# Time for more Audi to F1 rumors-VW to purchase the Campos team for 2011



## chernaudi (Oct 6, 2006)

The troubled Campos operation will be bailed out by F1 boss Bernie Eccostone and a Spanish billionare for 2010 and will reportedly be sold to Volkswagen Group at the end of the season.
What could this mean-VW or Porsche to F1, maybe Audi or Lamborghini? Or even Seat?
Story: http://www.motorsport.com/news...57158


----------



## [email protected] (Apr 9, 2004)

*Re: Time for more Audi to F1 rumors-VW to purchase the Campos team for 2011 (chernaudi)*

Interesting. I'd put money on Porsche if it's true. They need top tier racing for both brands but I'd push to have Audi break Ferrari's record at Le Mans before pulling Audi from sportscar racing + a Porsche vs. Ferrari rivalry would be awesome for F1.


----------



## chernaudi (Oct 6, 2006)

*Re: Time for more Audi to F1 rumors-VW to purchase the Campos team for 2011 ([email protected])*

It's been offically announced that Colin Kolles(who runs Audi R10s in the LMS/LMIC this year and an Audi DTM team owner) will be part of the management for the Campos team until it's well on its own feet.
It should be known that Kolles was manager of the Force India team from it's dying days as Jordan, though it's Midland and Spyker incarantions and as Force India until the end of last season.
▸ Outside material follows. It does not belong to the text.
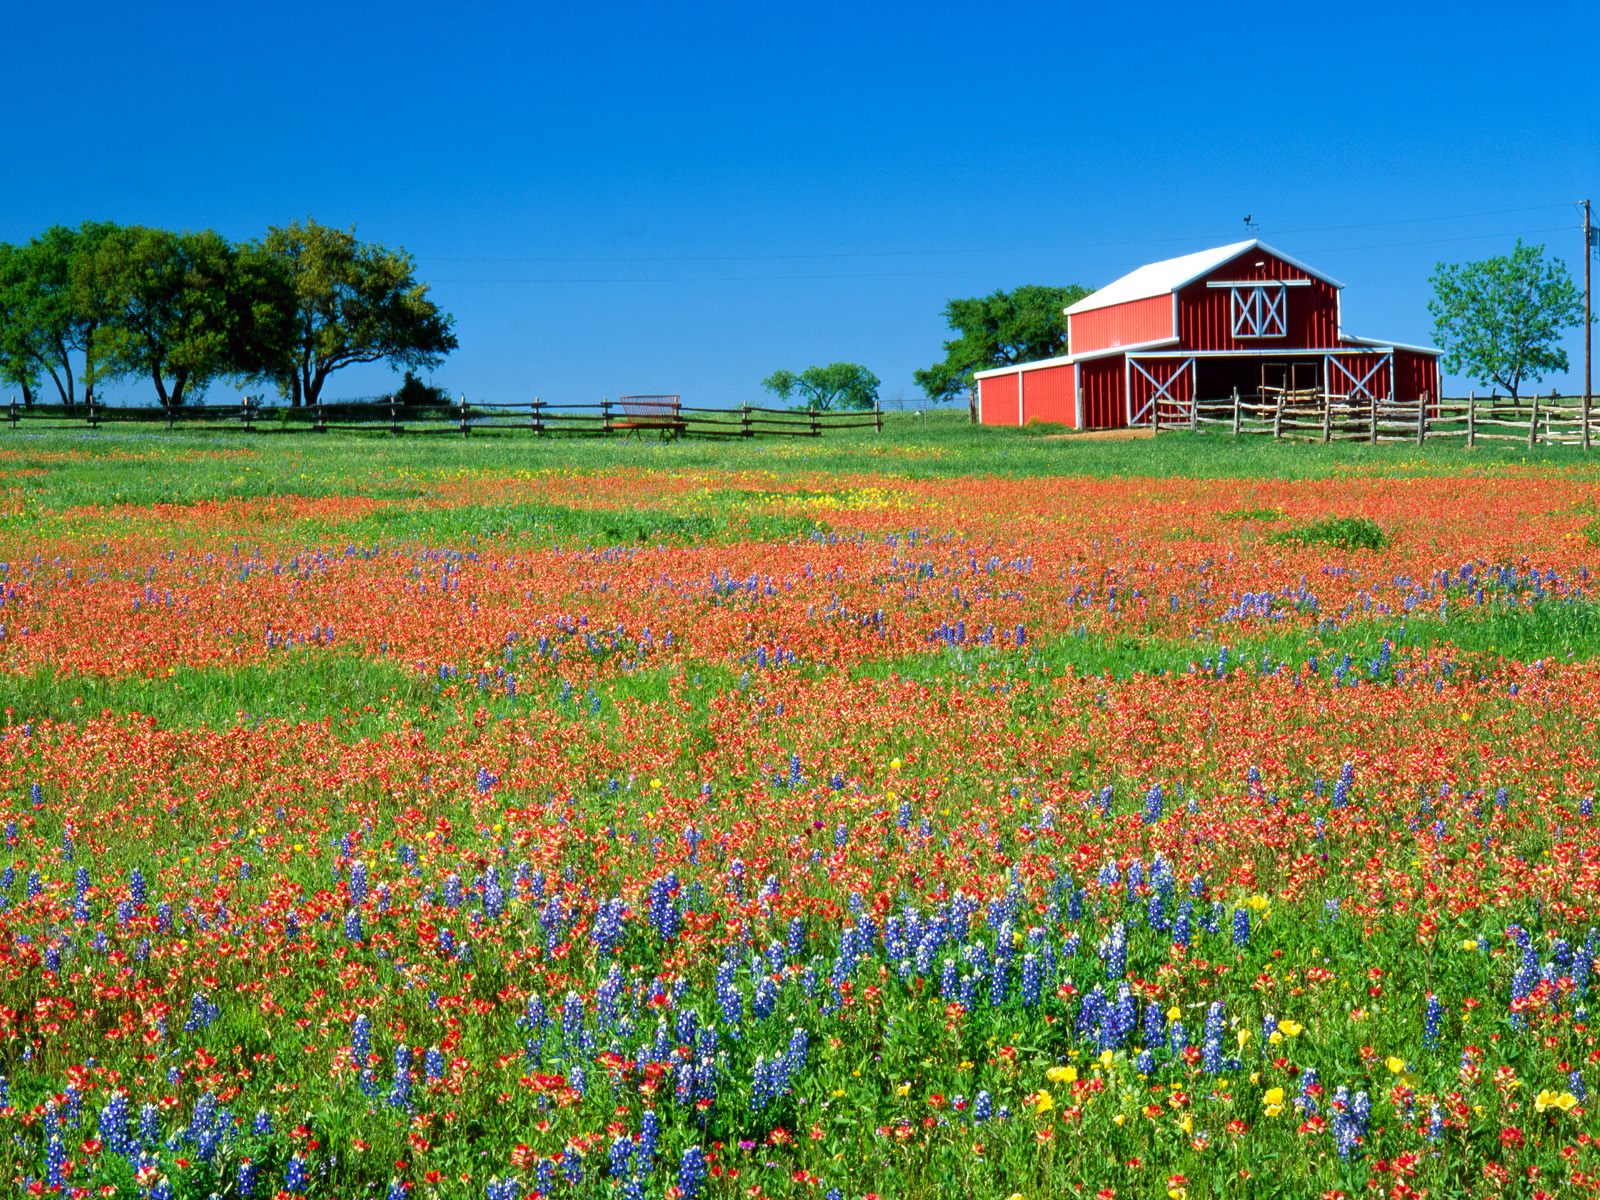 Texas Desktop Wallpaper   HD Wallpapers Backgrounds of Your Choice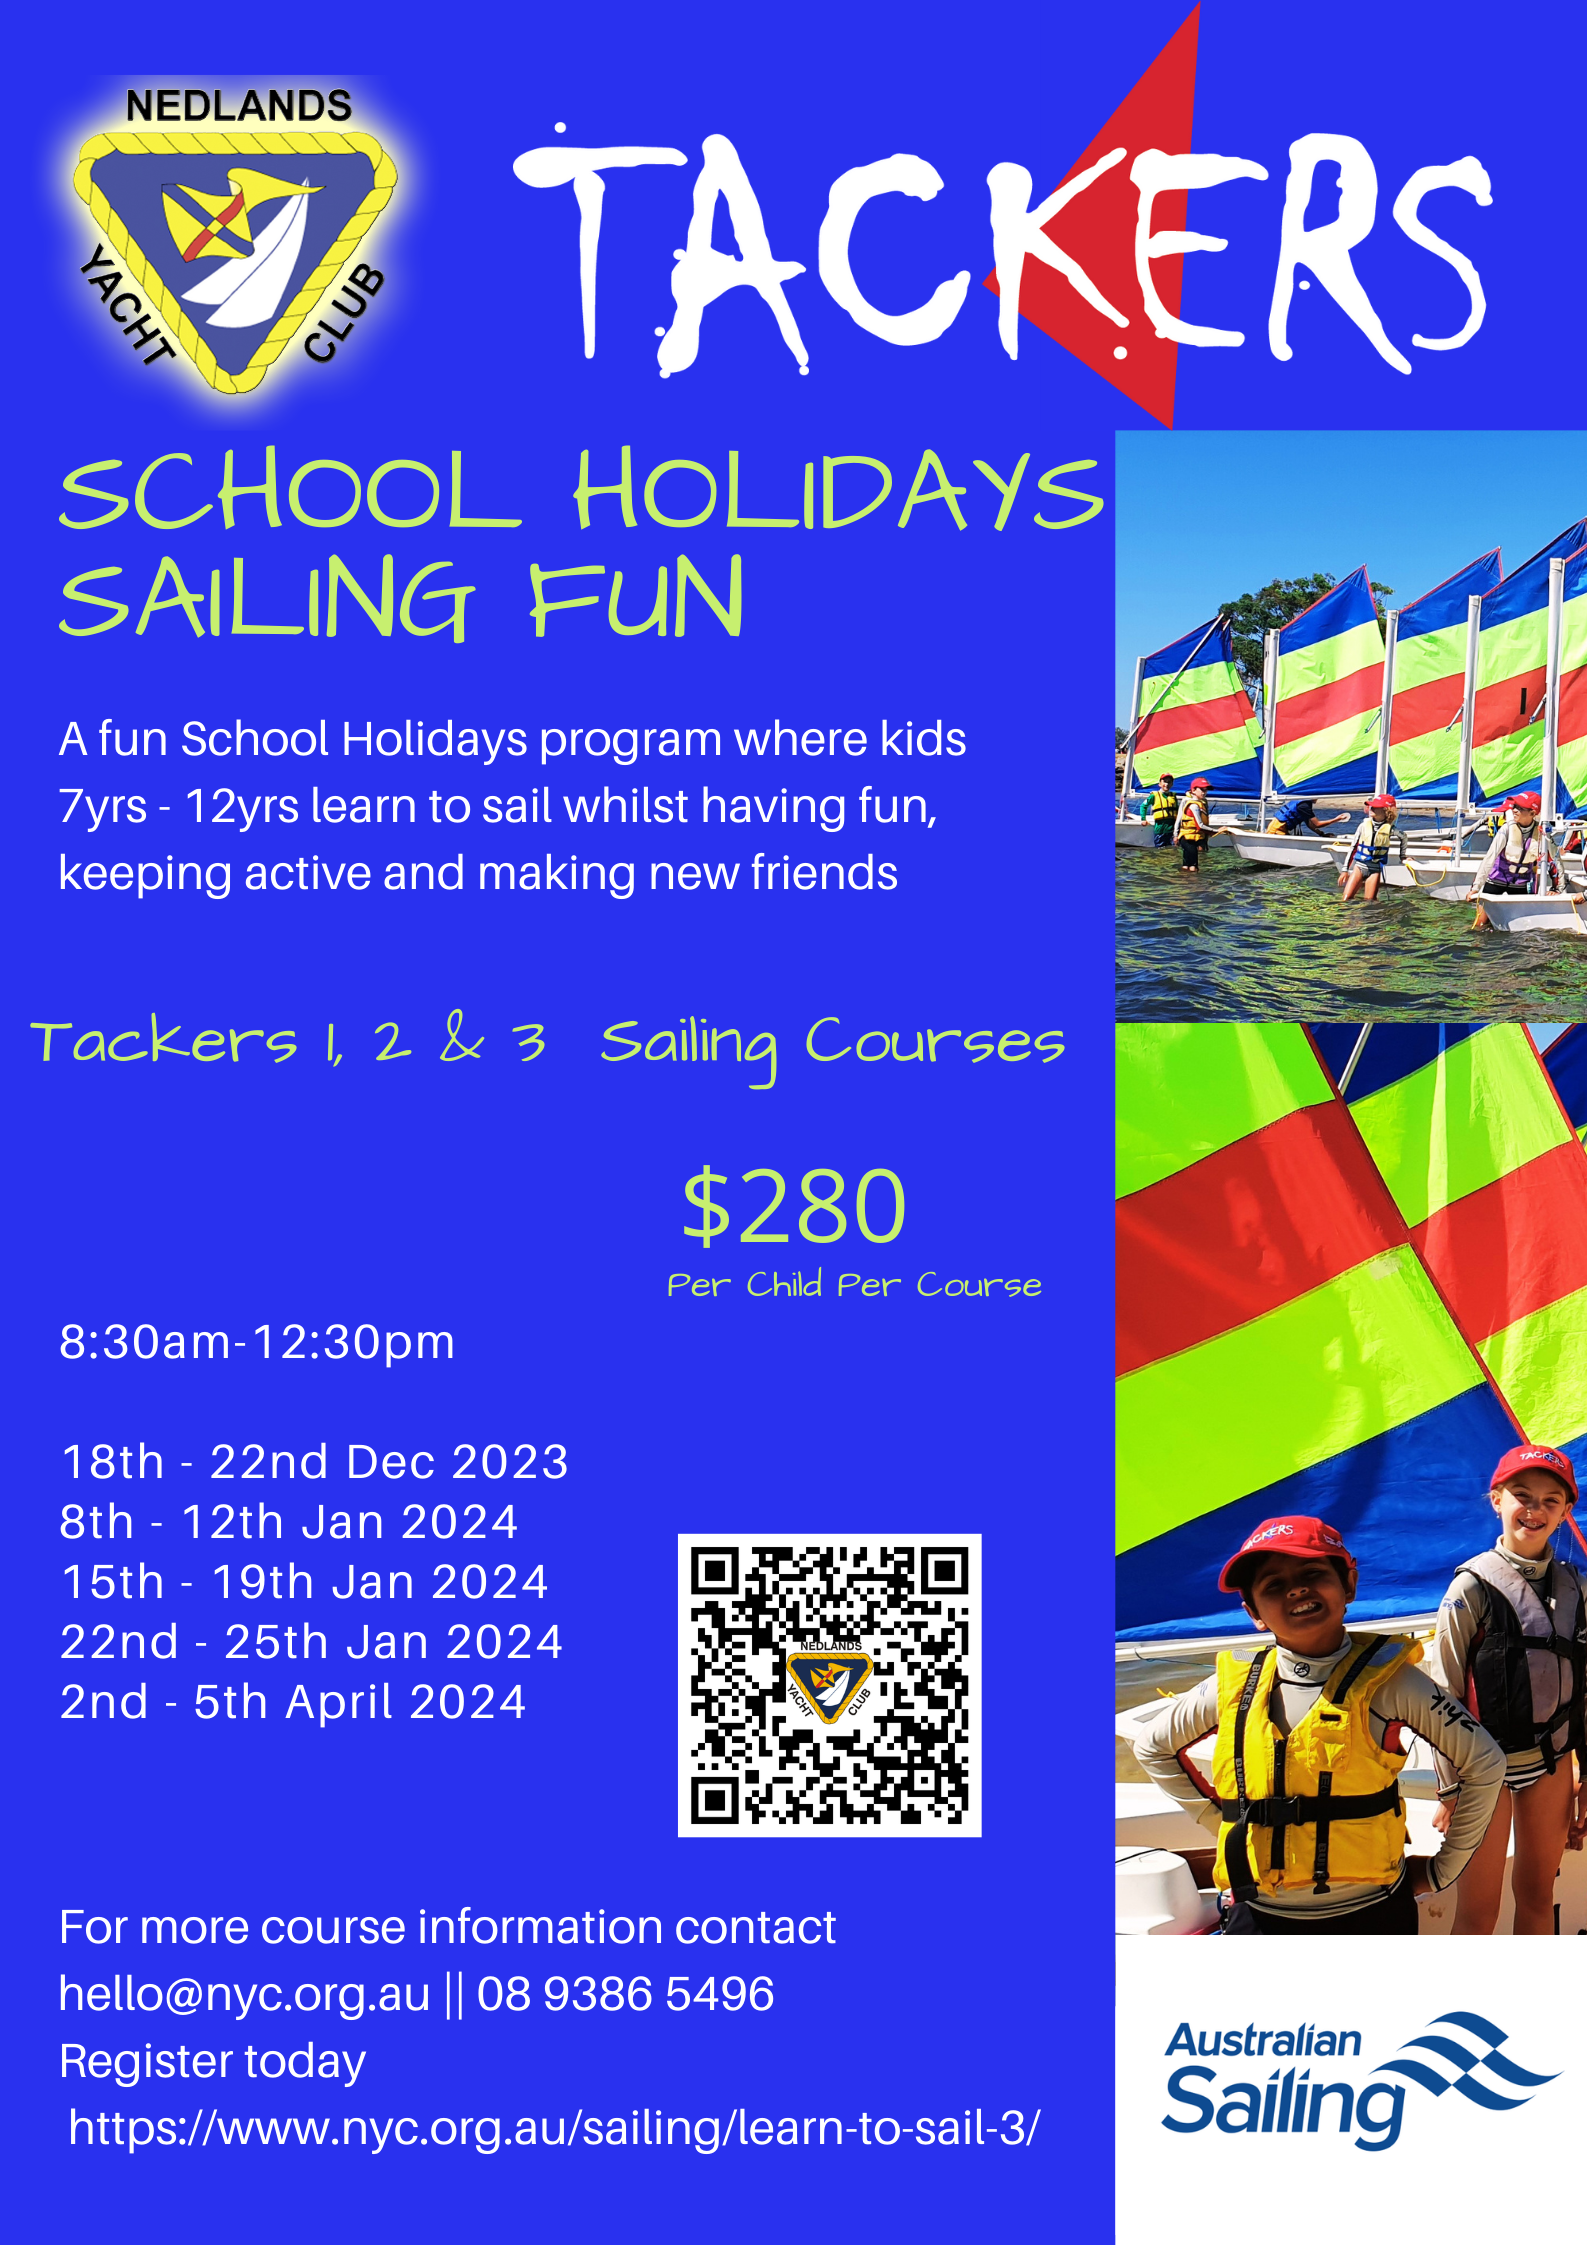 Tackers 1: Having Fun, Sailing course for 7 to 12 year olds.

However, I doubt an Audi or Volkswagen Group connection though Kolles-only connection between Audi and Campos right now is that Dr. Kolles was born in Inglostadt.


----------



## [email protected] (Apr 9, 2004)

*Re: Time for more Audi to F1 rumors-VW to purchase the Campos team for 2011 (chernaudi)*

Well there's certainly an intimate relationship. Other than DTM he's the only guy who's successfully won over Ingolstadt enough to field an R10 TDI team and at least one of his drivers (two if you count Albers) has moved up to Audi Sport's squad. Audi has repeatedly said it's not interested in F1 but I think there's room for it at VAG. 
If I were them (and they have the budget) I would put Porsche in F1 and keep Audi in sportscar to further build its legend and beat and put some distance between Ferrari's record. Position Porsche against Ferrari and at some point when that gets old or Ferrari goes to LM to defend its record then move Porsche to sportscar and return Audi to F1 where it hasn't been since the pre-war silver arrow era.


----------